- **Recorded information**
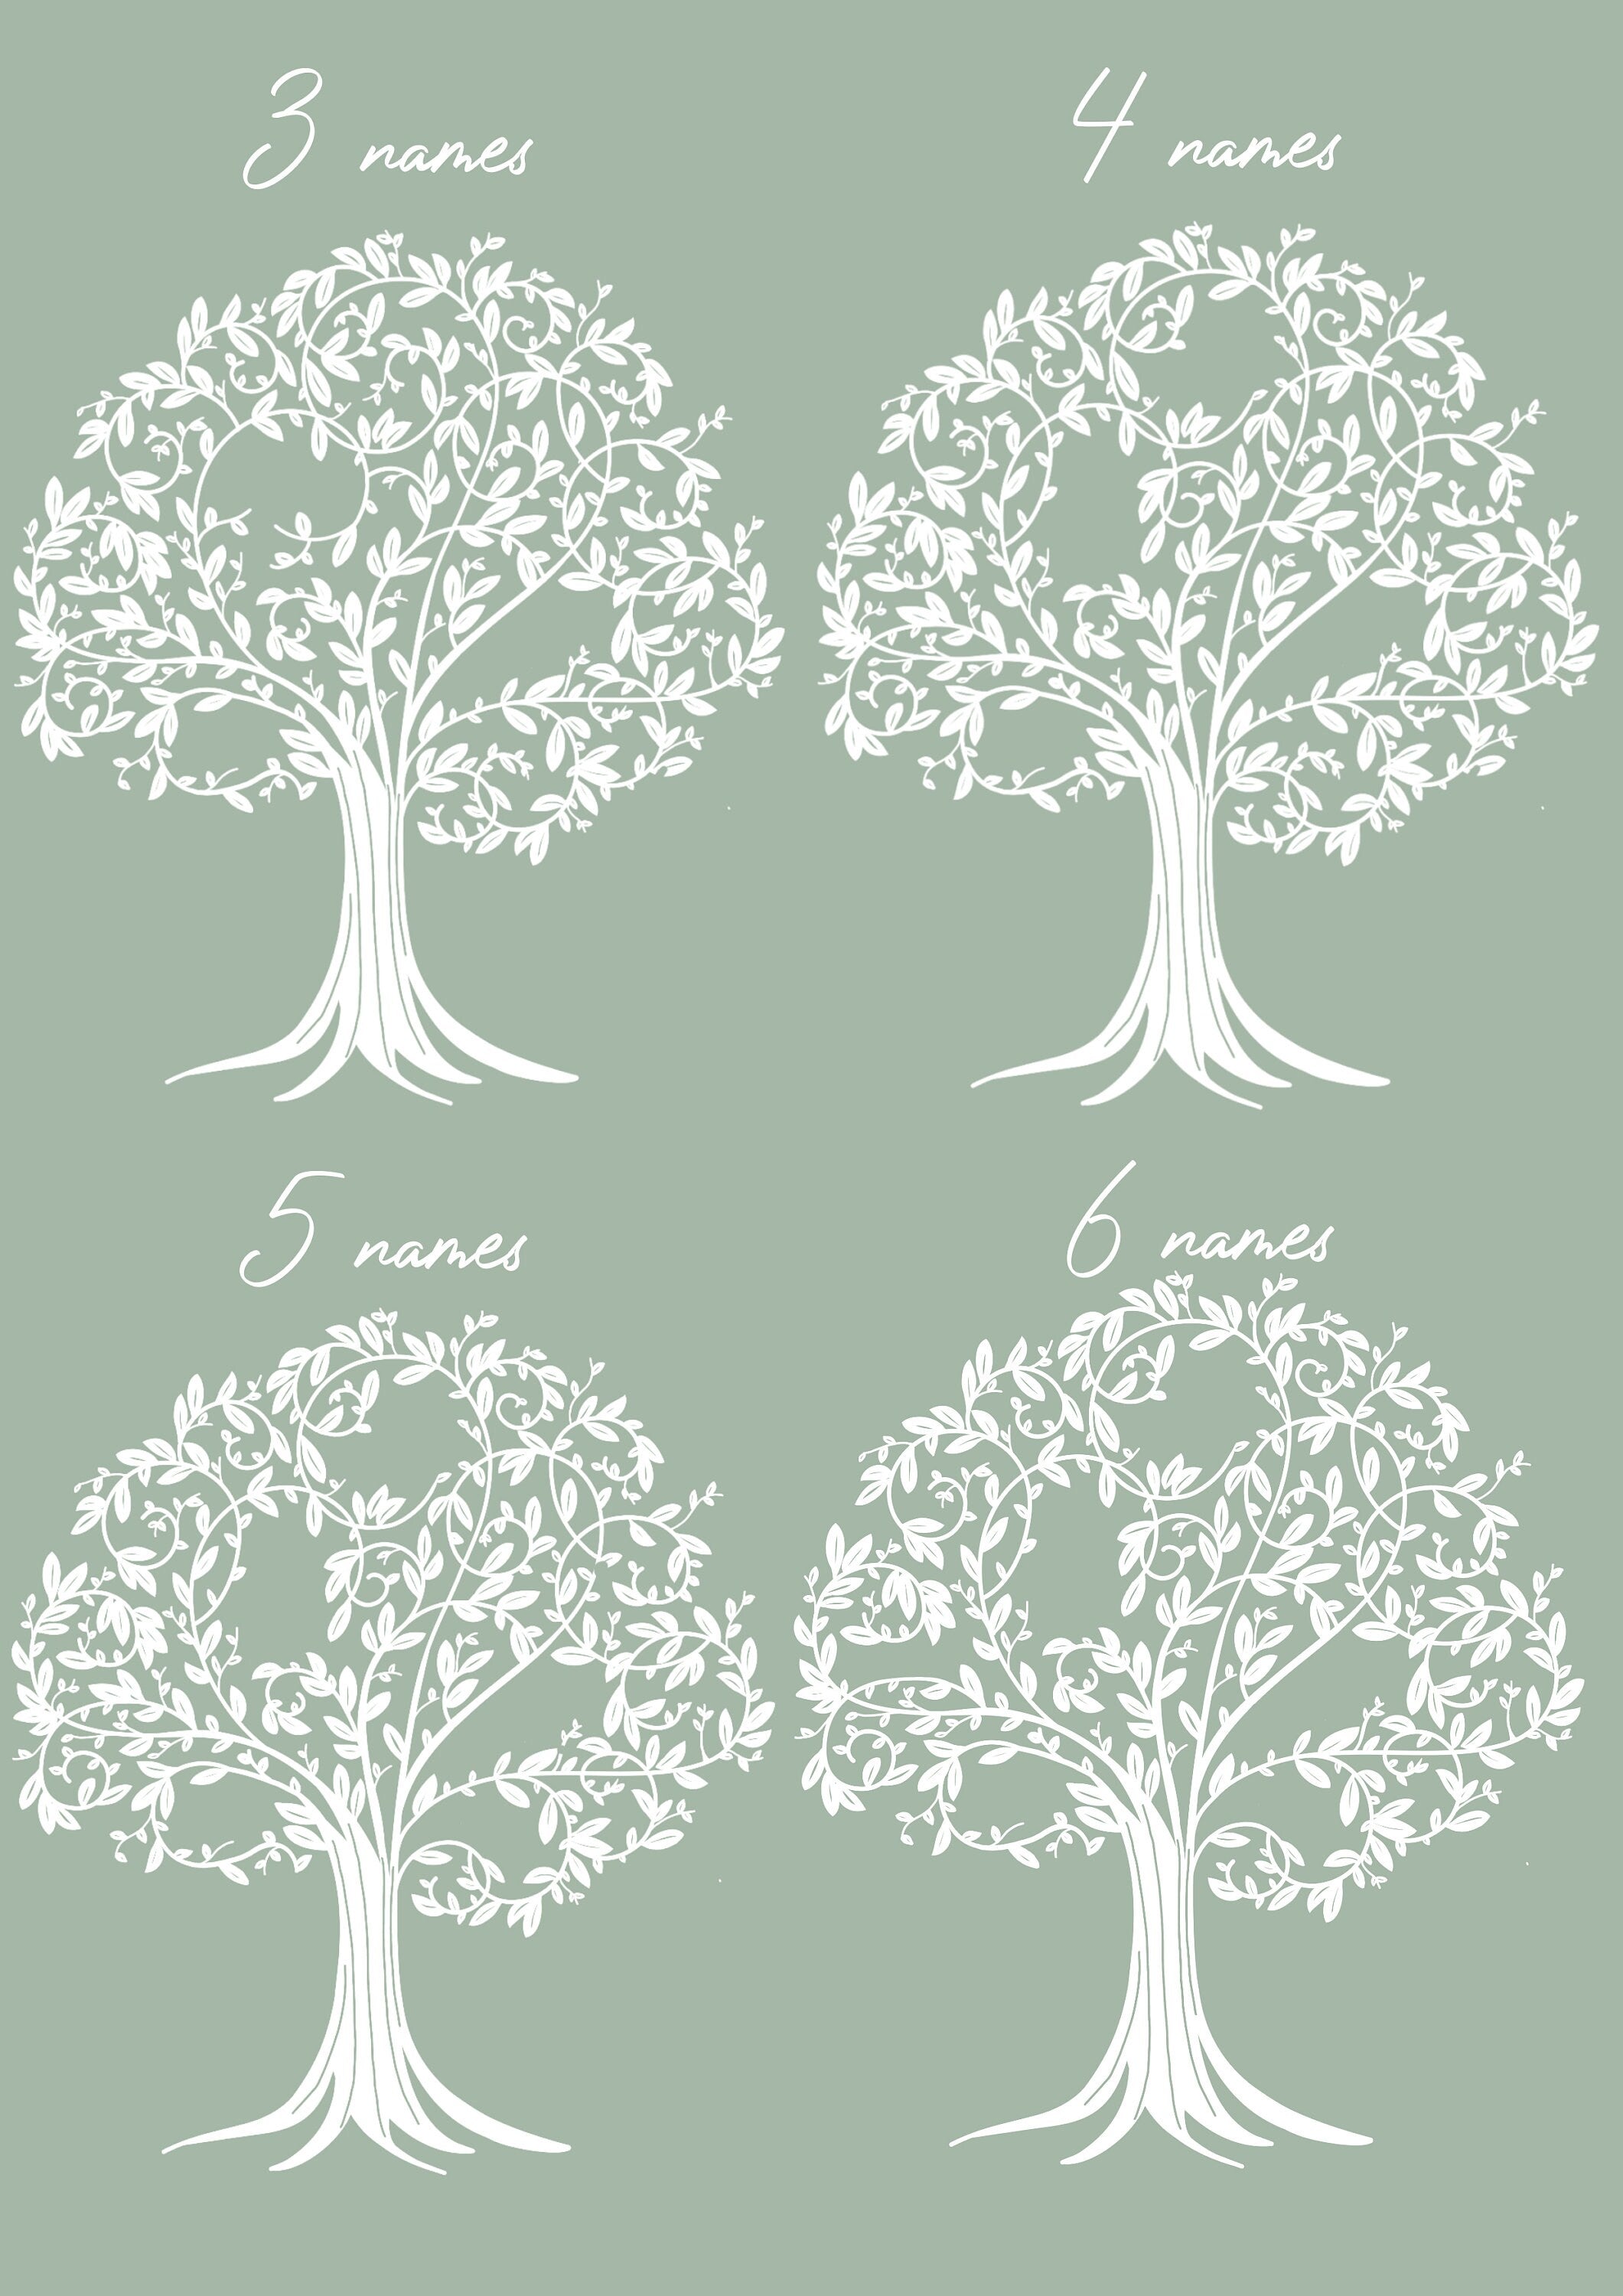 Family Tree Print/ Gift for mum / Mother's Day print /Mothers Day gift / Mum's birthday /Mother's Day / Home print / Mum print/ Family print
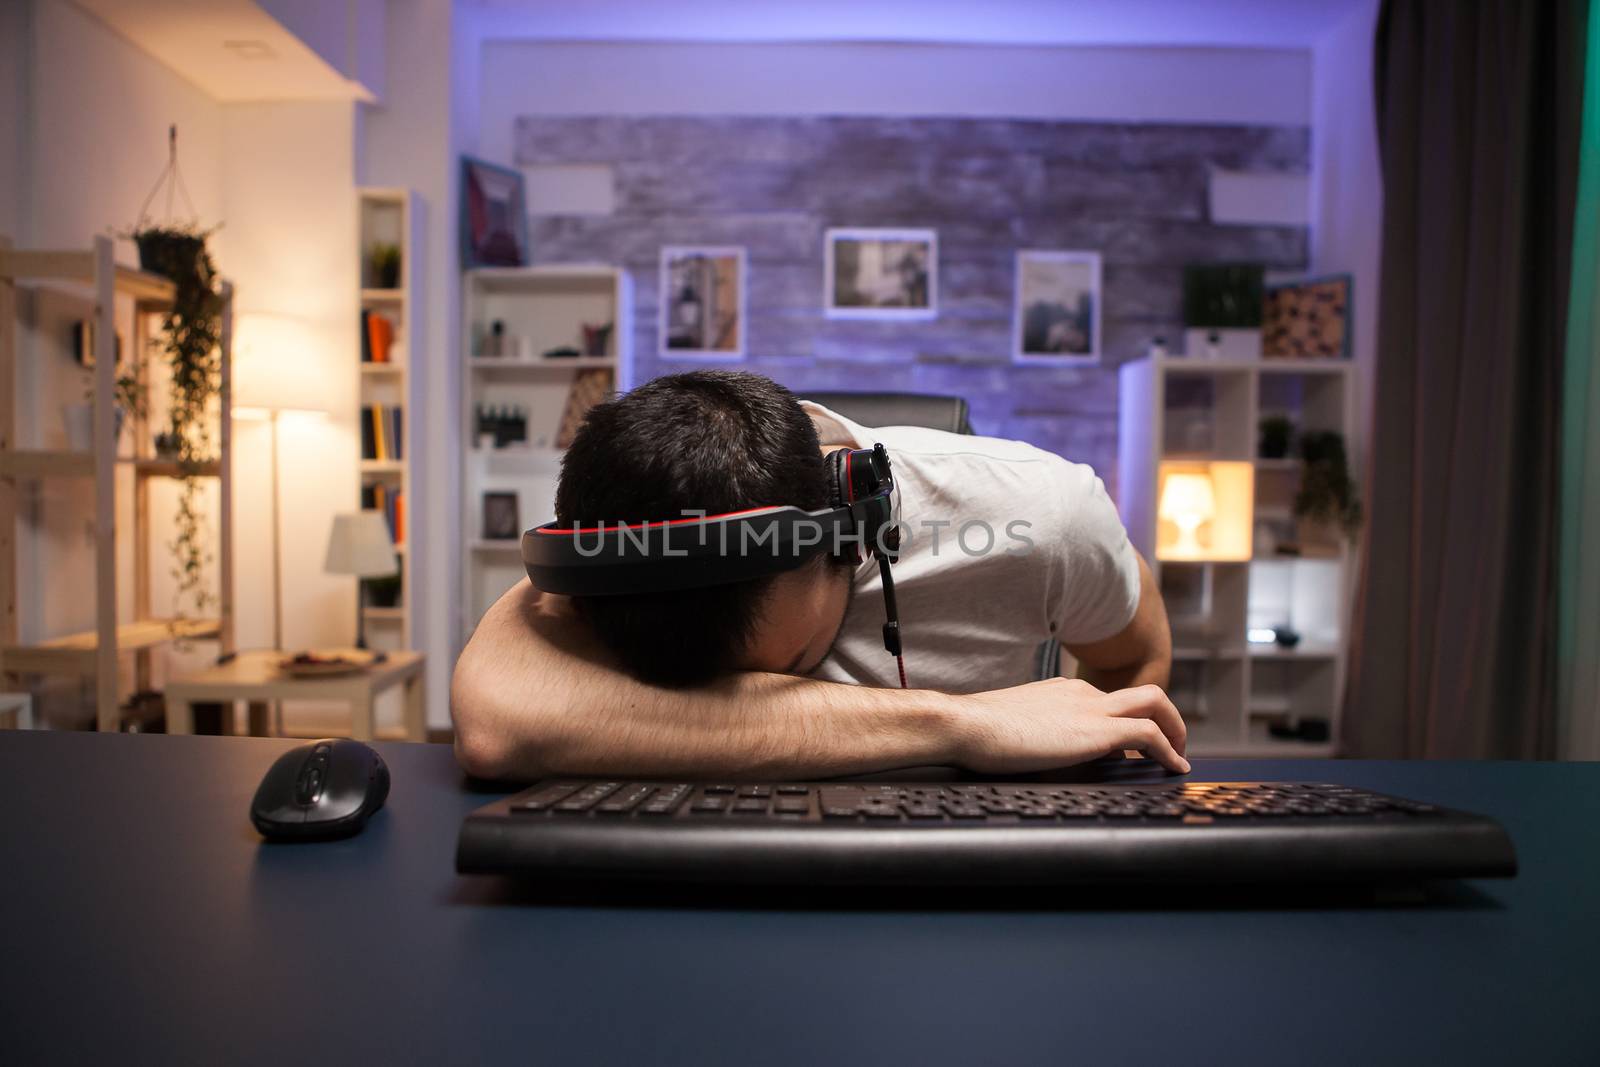 Pov of young man keeping his head on the office after losing and shooter game on stream.
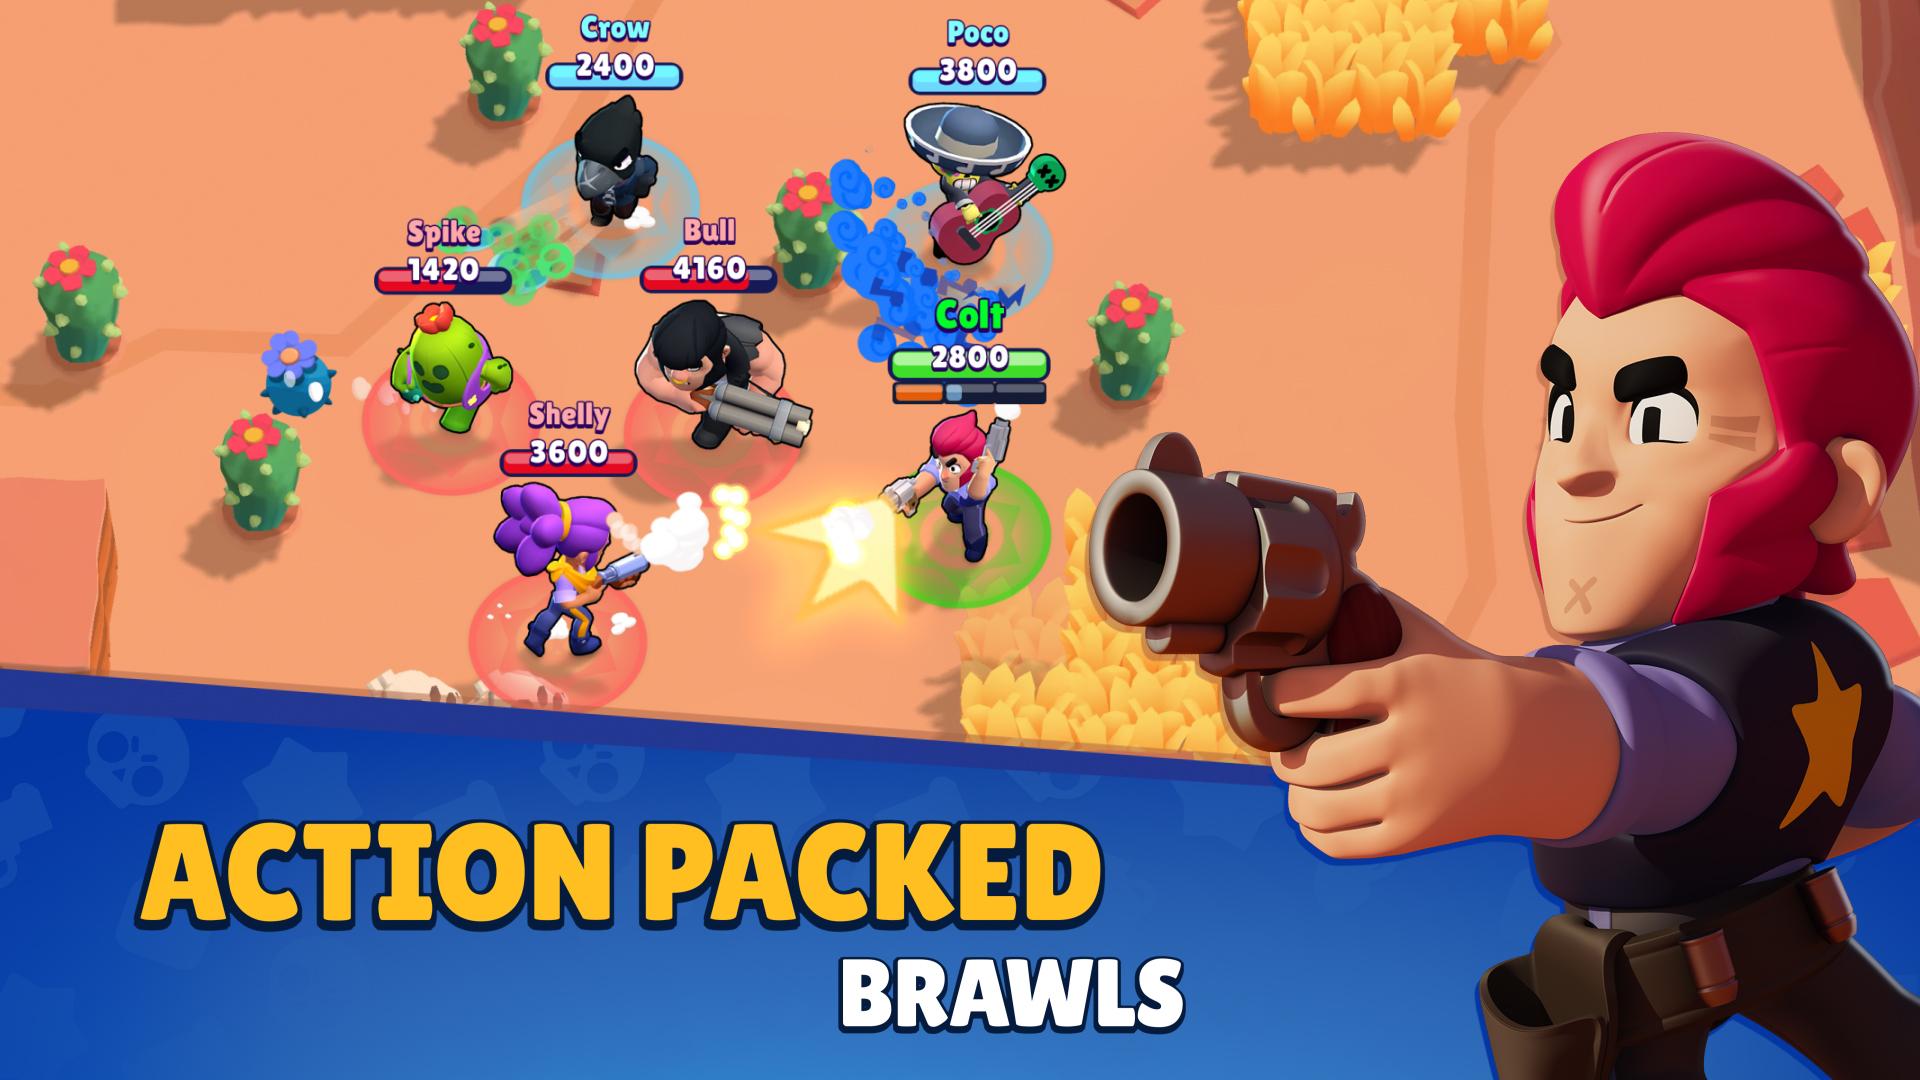 Brawl Stars How To Get The Most Bang For Your Gem Buck Premium Currency Guide Gameranx - brawl stars 100 brawl box chances

- **What to produce**
The expected result is the data above in exact form, free of pictures.

- **Your response**
 Family Tree Print/ Gift for mum / Mother's Day print /Mothers Day gift / Mum's birthday /Mother's Day / Home print / Mum print/ Family print
 Pov of young man keeping his head on the office after losing and shooter game on stream.
 Brawl Stars How To Get The Most Bang For Your Gem Buck Premium Currency Guide Gameranx - brawl stars 100 brawl box chances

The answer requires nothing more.